---- Collected data

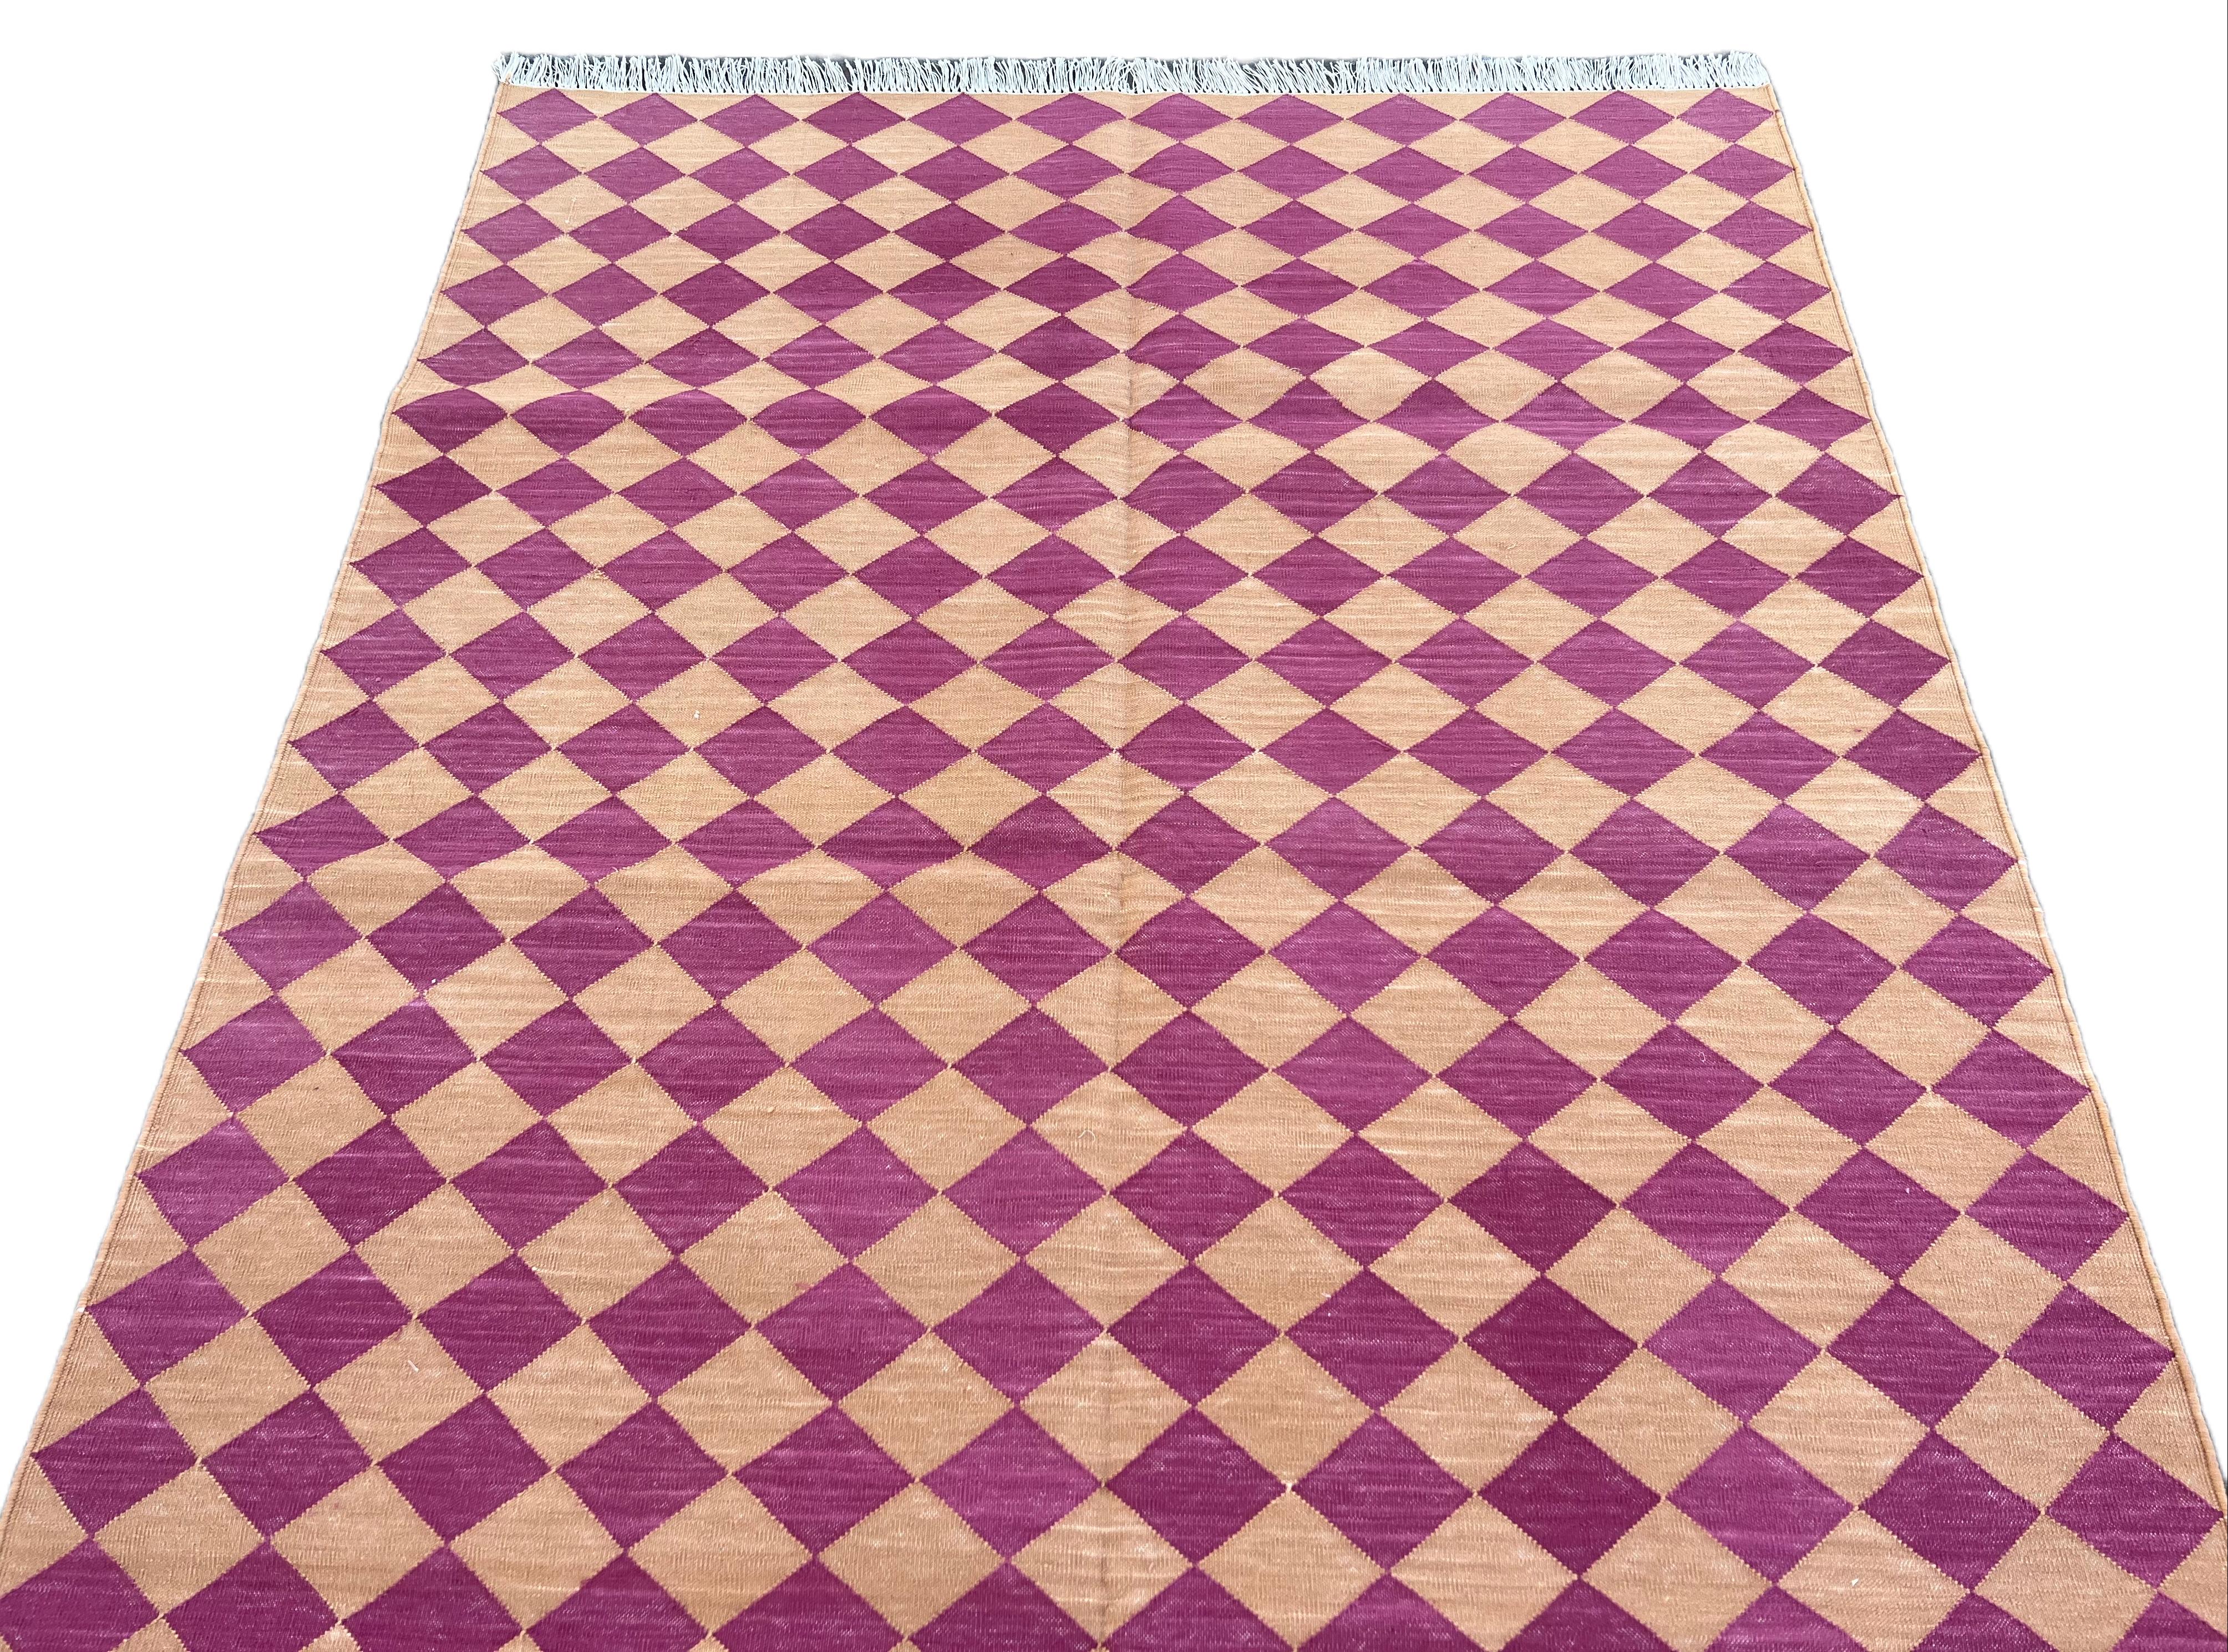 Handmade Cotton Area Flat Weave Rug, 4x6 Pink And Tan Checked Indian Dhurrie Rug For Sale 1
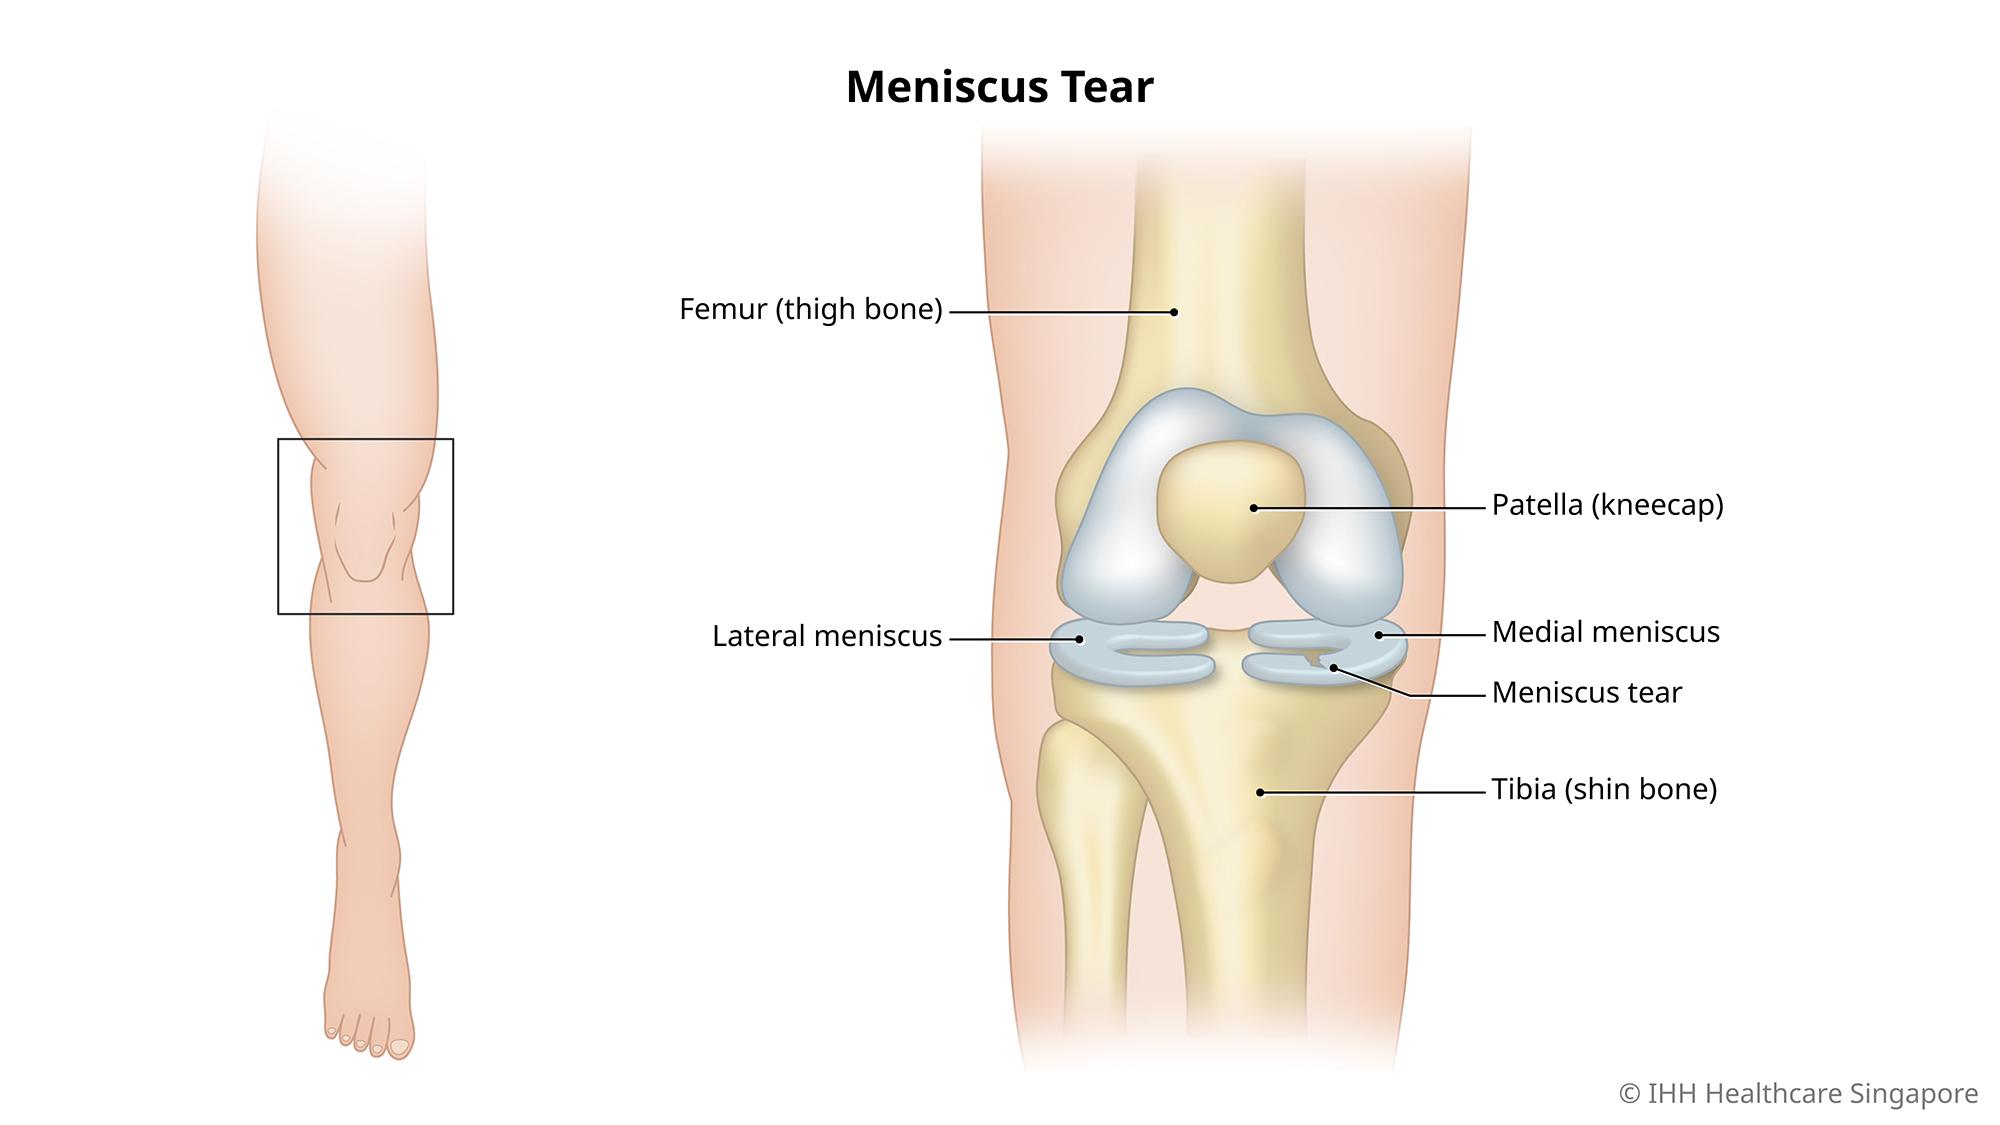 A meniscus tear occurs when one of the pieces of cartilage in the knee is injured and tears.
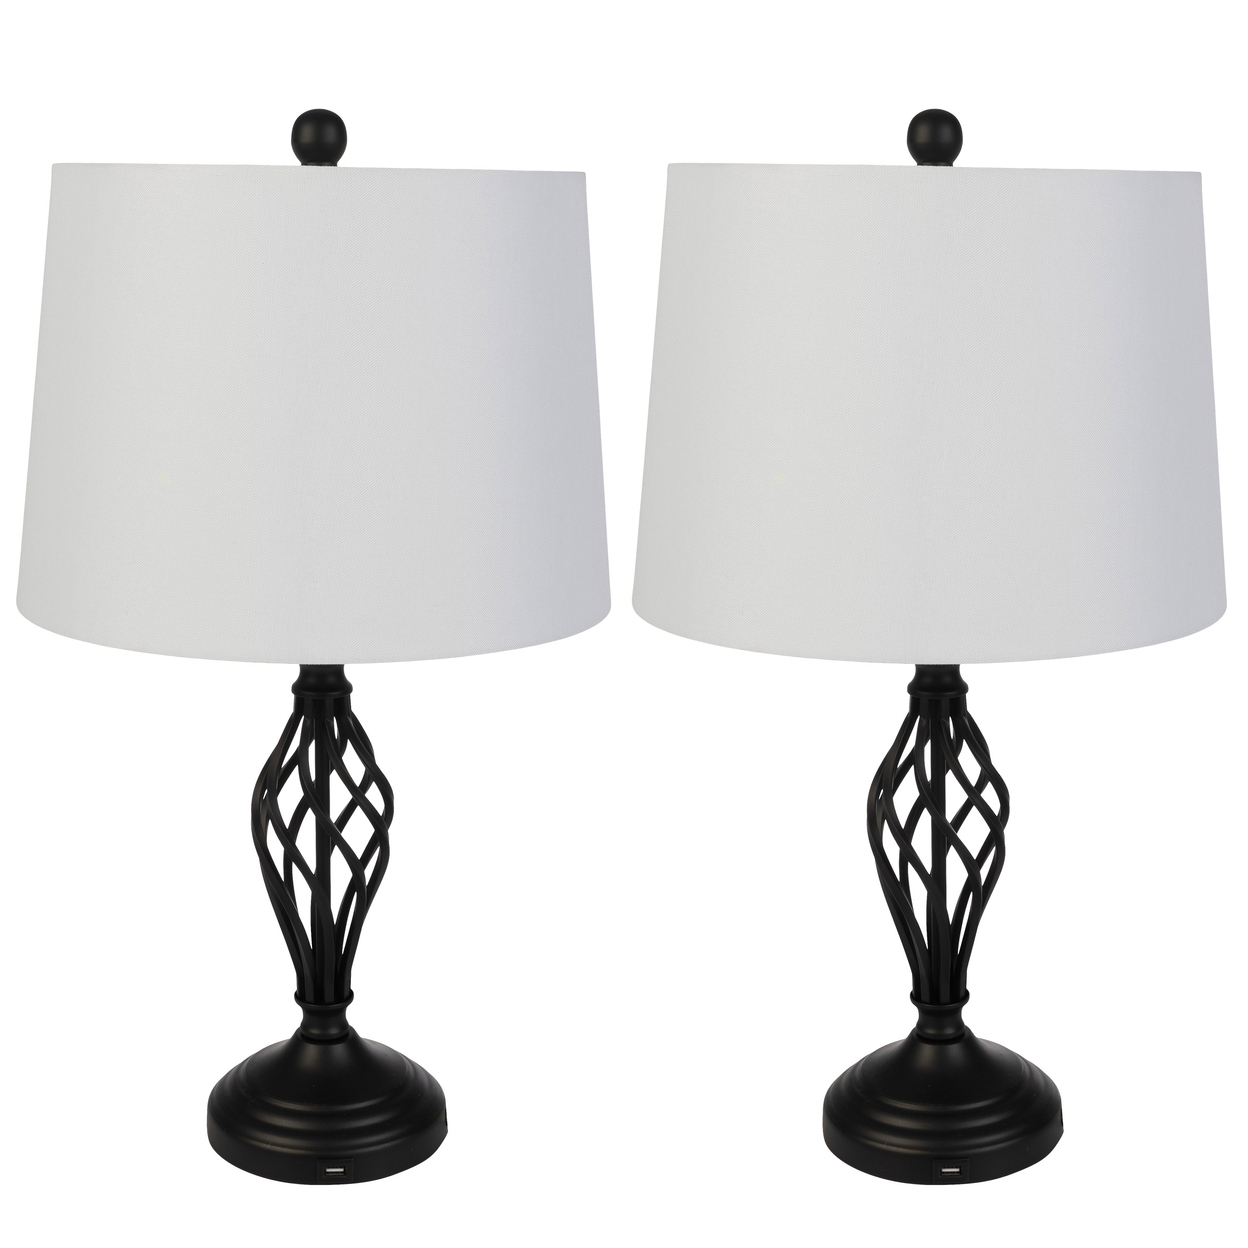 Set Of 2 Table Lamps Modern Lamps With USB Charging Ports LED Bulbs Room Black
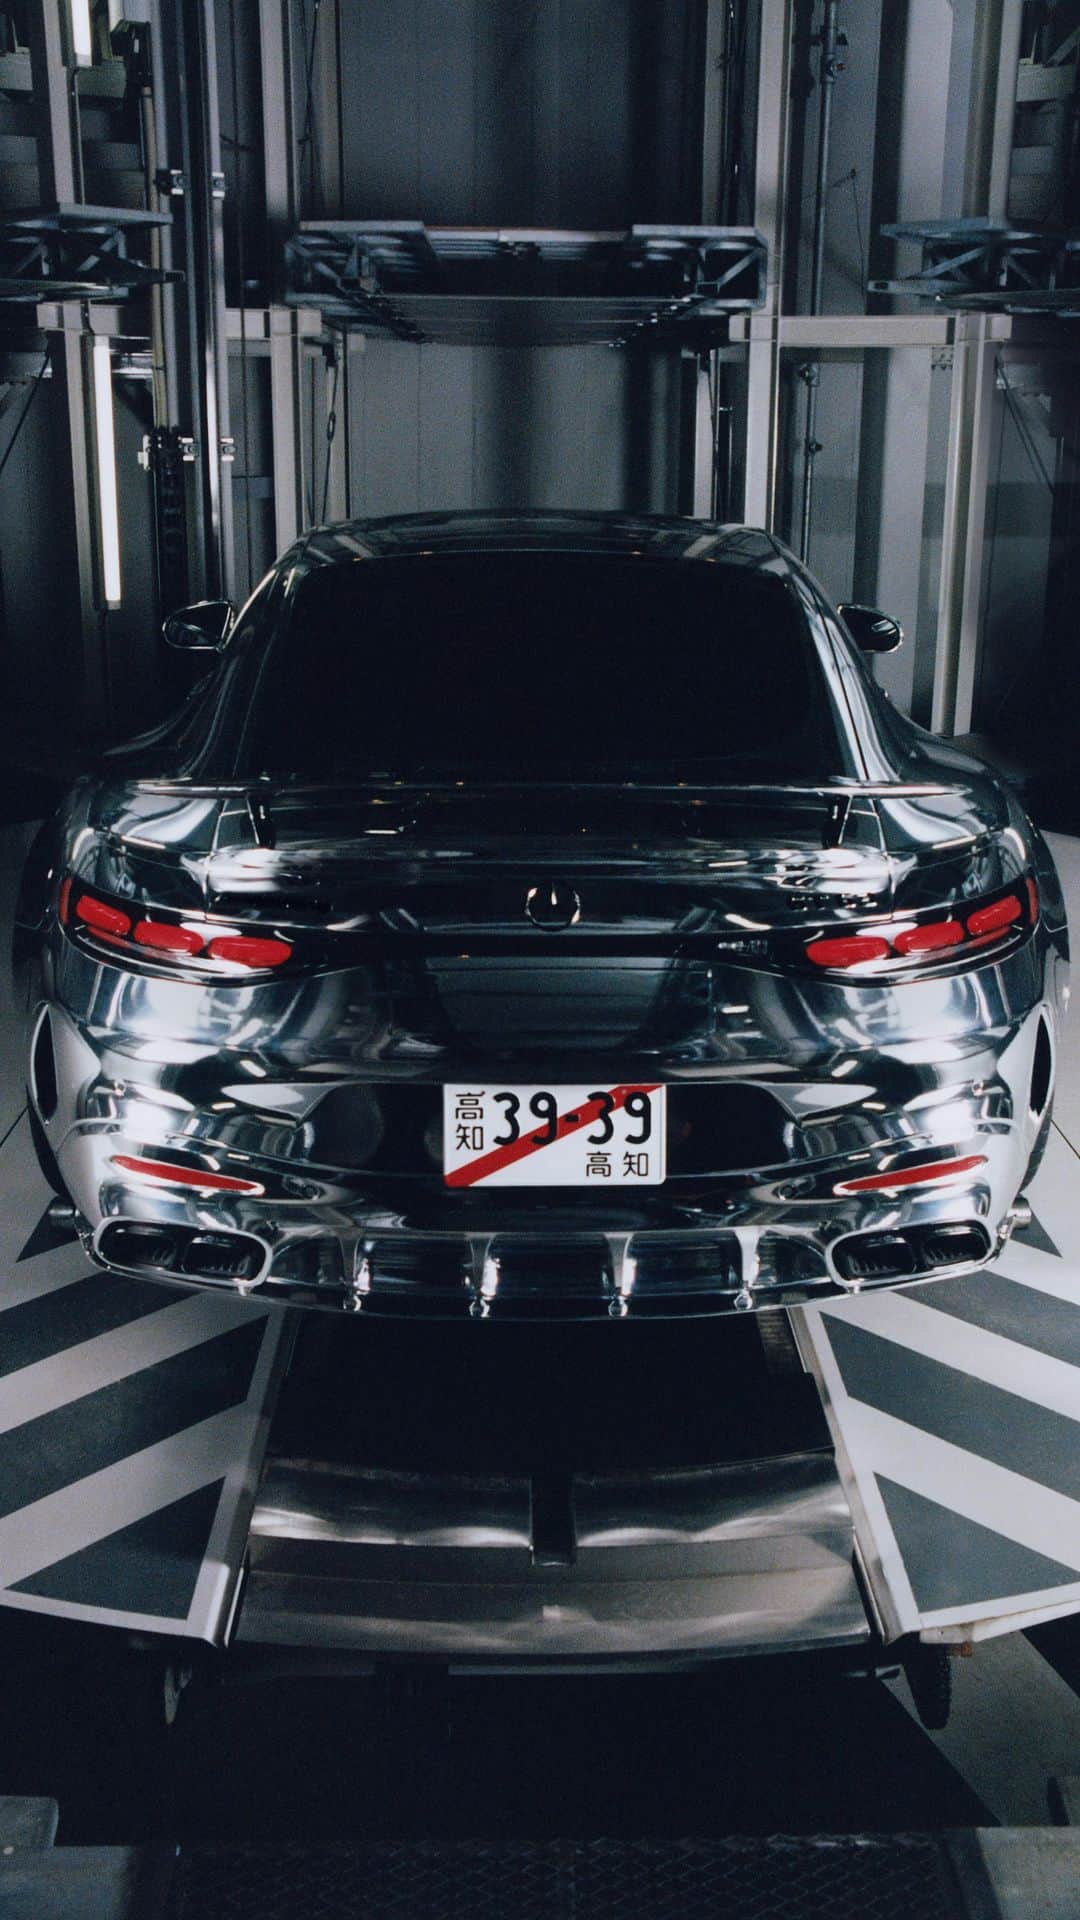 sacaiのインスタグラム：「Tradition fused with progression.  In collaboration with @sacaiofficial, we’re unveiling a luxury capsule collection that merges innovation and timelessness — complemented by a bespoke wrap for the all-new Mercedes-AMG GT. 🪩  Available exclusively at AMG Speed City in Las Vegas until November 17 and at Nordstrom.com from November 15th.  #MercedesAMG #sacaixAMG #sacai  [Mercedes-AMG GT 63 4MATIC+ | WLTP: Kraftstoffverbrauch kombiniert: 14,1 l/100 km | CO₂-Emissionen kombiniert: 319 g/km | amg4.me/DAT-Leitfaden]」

--------

# Work request:
Please, without any pictures, write out exactly the lines of the listing from its first line through the line that holds "Set Of 2 Table", ends included, and nothing beyond them.

# Result of this task:
 Handmade Cotton Area Flat Weave Rug, 4x6 Pink And Tan Checked Indian Dhurrie Rug For Sale 1
 A meniscus tear occurs when one of the pieces of cartilage in the knee is injured and tears.
 Set Of 2 Table Lamps Modern Lamps With USB Charging Ports LED Bulbs Room Black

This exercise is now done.